Be sure to determine which type of hinges you need before beginning the installation.
- Let's suppose the hinge is a loose-pin hinge. In this case, the hinge must be mounted so that the pin can be removed from the top. Most hinges can have the handing reversed. There are only a few hinges that cannot have the handing changed. To reverse the handing, remove the pin and the plug, turn the hinge over but still assembled and replace the pin in the top and the plug in the bottom. The handing is then reversed.
- In the top figure the doors are mounted on the same side, but one door opens in while the other door opens out. Even when mounted on the same side, the door that opens in takes a left-hand hinge while the door that opens out takes a right-hand reverse hinge.
- In the bottom figure both doors are mounted on opposite sides, but the door that opens in requires a right-hand hinge while the door that opens out requires a left-hand reverse hinge.
- The outside of a door is the corridor side of an interior door and the outside of an exterior door.
- Stand on the outside of the door. If the door opens into the room to your right, it requires a right-hand hinge. If it opens into the room and to your left, it requires a left-hand hinge.
Fire is a real risk in any building and many aspects of building’s construction are made to take that risk into account and door hinges are no exception. It is important for example that all aspects of fire doors function well, and it’s important that all pathways that fire, smoke, and gases could use to spread in a building are covered.
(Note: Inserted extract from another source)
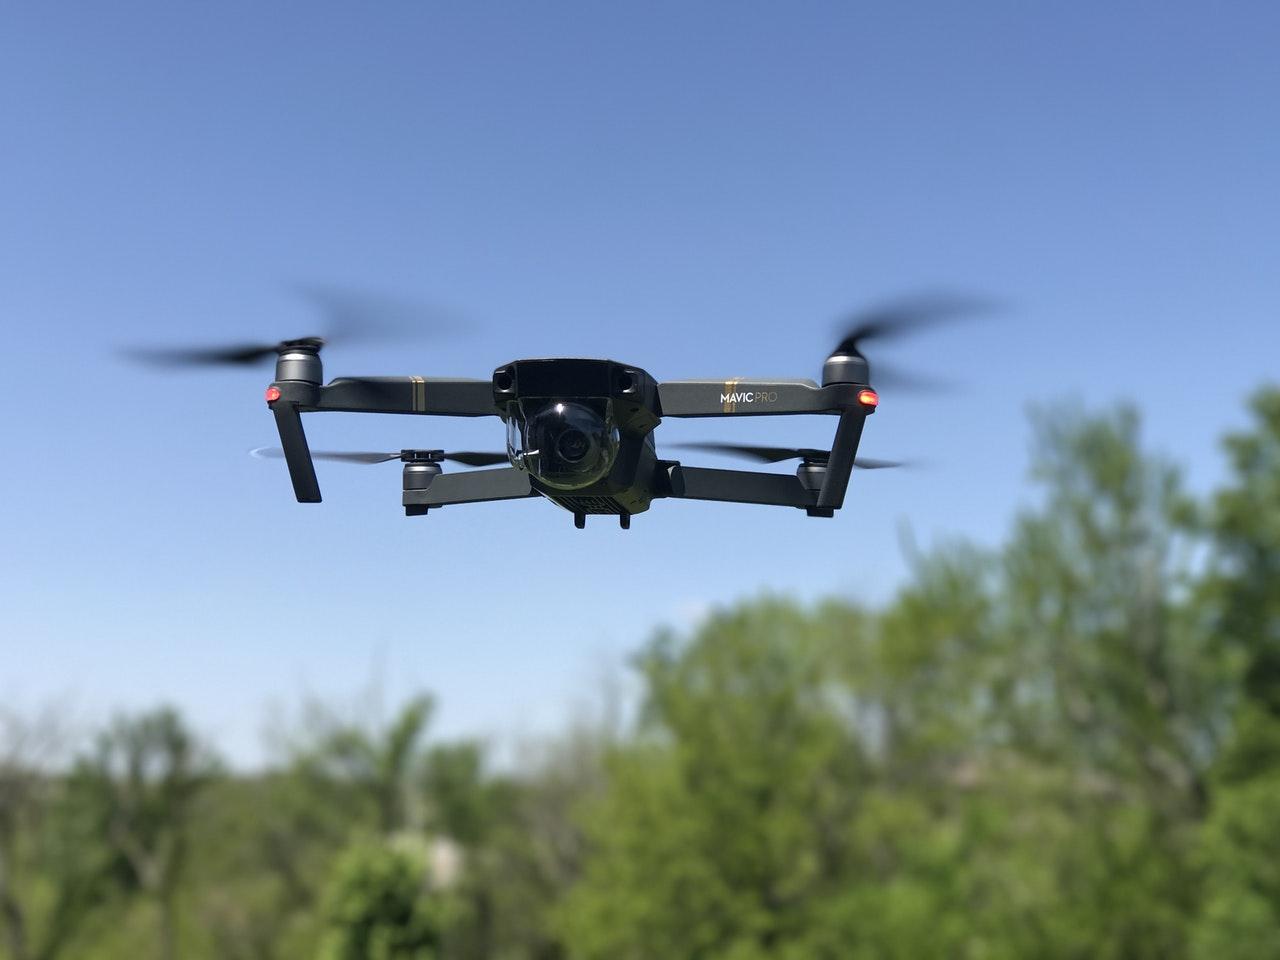 Les drones pourraient être l'un des moyens utilisés pour lutter contre le manque de main d'œuvre dans les campagnes de Thaïlande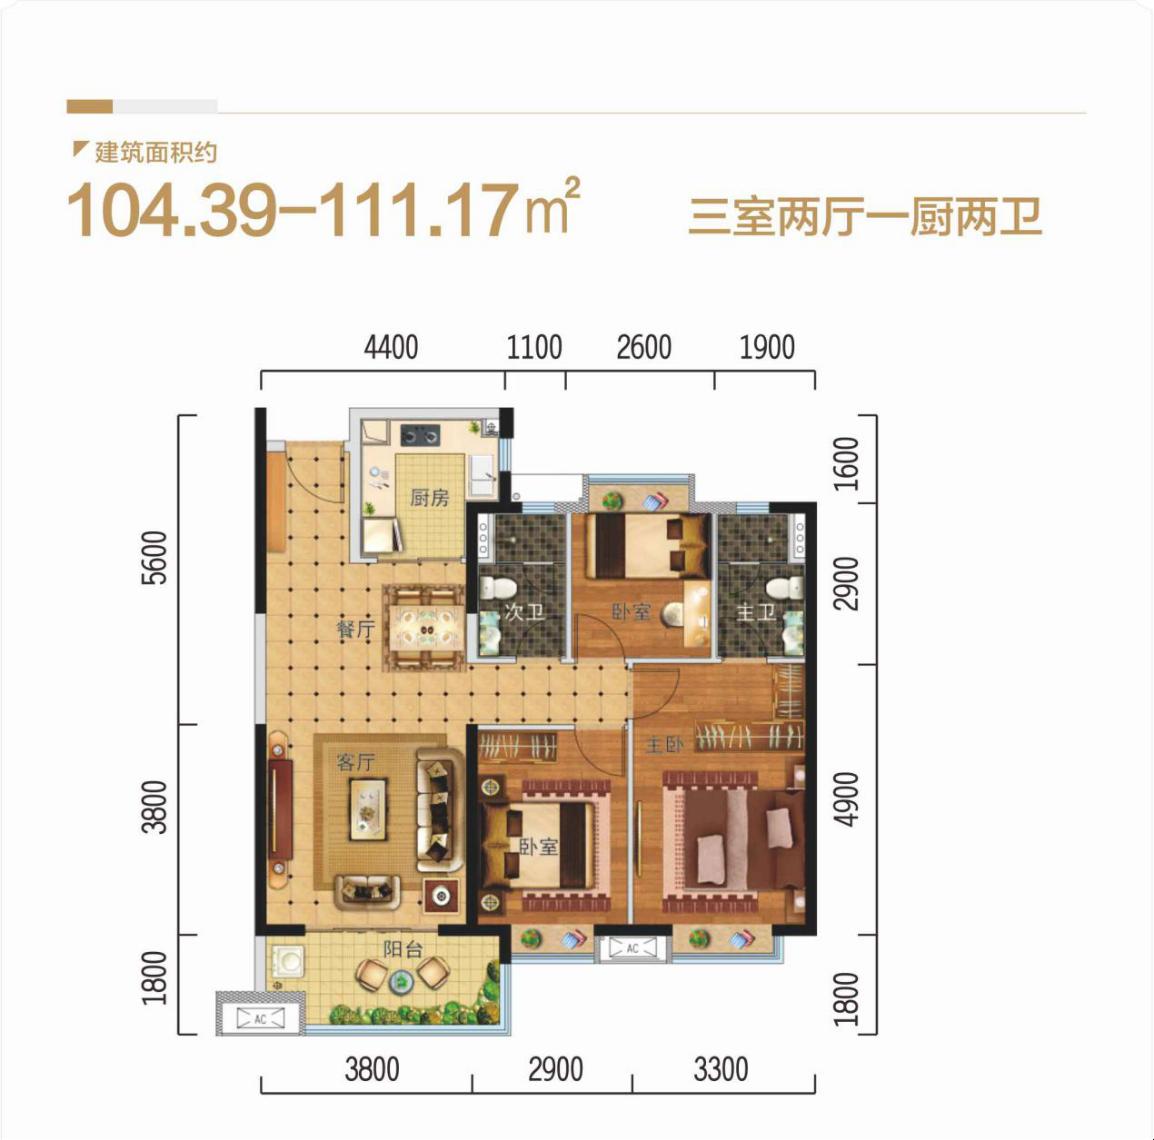 融創美倫熙語三居戶型圖,建筑面積105-111㎡

For these reasons you may want to check when selecting door hinges that they're suitable for fire door use, have been fire tested, and that they can accommodate the addition of intumescent material. All hinges used on fire-rated doors must include a fire-rating label. While industrial users tend to be more likely to be impacted by this requirement, home owners may discover that the door leading in the garage to your home requires fire-rated hardware.
A manufacturer’s warranty on hinges is also a sign of quality in the hinges you choose.